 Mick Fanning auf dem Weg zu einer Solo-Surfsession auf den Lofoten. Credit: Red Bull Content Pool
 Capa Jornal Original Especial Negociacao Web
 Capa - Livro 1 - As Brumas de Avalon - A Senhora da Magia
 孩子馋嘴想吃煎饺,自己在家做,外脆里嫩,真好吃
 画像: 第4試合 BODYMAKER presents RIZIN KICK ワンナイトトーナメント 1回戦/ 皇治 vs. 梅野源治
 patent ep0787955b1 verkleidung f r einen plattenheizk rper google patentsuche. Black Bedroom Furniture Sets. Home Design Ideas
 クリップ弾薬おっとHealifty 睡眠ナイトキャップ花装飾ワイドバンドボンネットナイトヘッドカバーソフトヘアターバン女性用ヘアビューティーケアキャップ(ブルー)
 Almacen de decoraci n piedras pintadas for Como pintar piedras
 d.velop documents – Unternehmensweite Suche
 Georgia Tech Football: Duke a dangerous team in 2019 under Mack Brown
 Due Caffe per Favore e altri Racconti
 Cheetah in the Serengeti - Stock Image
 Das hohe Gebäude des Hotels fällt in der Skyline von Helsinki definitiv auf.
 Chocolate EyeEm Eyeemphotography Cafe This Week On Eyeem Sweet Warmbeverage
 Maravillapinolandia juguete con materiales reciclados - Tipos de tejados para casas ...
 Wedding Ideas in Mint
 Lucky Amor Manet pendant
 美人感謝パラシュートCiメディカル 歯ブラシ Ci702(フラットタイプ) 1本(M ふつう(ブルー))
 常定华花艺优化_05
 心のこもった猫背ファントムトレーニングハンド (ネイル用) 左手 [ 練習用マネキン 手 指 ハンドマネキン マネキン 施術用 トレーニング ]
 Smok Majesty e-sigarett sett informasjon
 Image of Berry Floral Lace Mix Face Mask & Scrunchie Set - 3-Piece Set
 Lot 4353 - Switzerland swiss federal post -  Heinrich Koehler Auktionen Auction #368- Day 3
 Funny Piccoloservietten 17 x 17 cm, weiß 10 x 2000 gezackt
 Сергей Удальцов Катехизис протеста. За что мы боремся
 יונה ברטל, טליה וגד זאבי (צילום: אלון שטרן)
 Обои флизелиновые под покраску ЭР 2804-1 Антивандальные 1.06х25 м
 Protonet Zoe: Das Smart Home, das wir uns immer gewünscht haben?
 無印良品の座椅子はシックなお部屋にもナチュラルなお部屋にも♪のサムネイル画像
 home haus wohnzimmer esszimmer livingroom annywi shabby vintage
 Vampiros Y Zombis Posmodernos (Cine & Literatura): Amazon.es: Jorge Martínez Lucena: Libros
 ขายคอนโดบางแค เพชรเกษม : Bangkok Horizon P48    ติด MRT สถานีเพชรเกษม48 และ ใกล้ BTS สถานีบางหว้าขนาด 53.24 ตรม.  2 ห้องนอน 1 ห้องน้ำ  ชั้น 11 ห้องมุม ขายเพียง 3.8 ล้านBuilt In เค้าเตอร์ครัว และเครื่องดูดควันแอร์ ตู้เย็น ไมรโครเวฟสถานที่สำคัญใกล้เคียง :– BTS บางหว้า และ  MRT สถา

++++++++++++++++++++

● **What you should do**
All lines above containing the string "Image" are to be collected.

● **Expected answer**
 Cheetah in the Serengeti - Stock Image
 Image of Berry Floral Lace Mix Face Mask & Scrunchie Set - 3-Piece Set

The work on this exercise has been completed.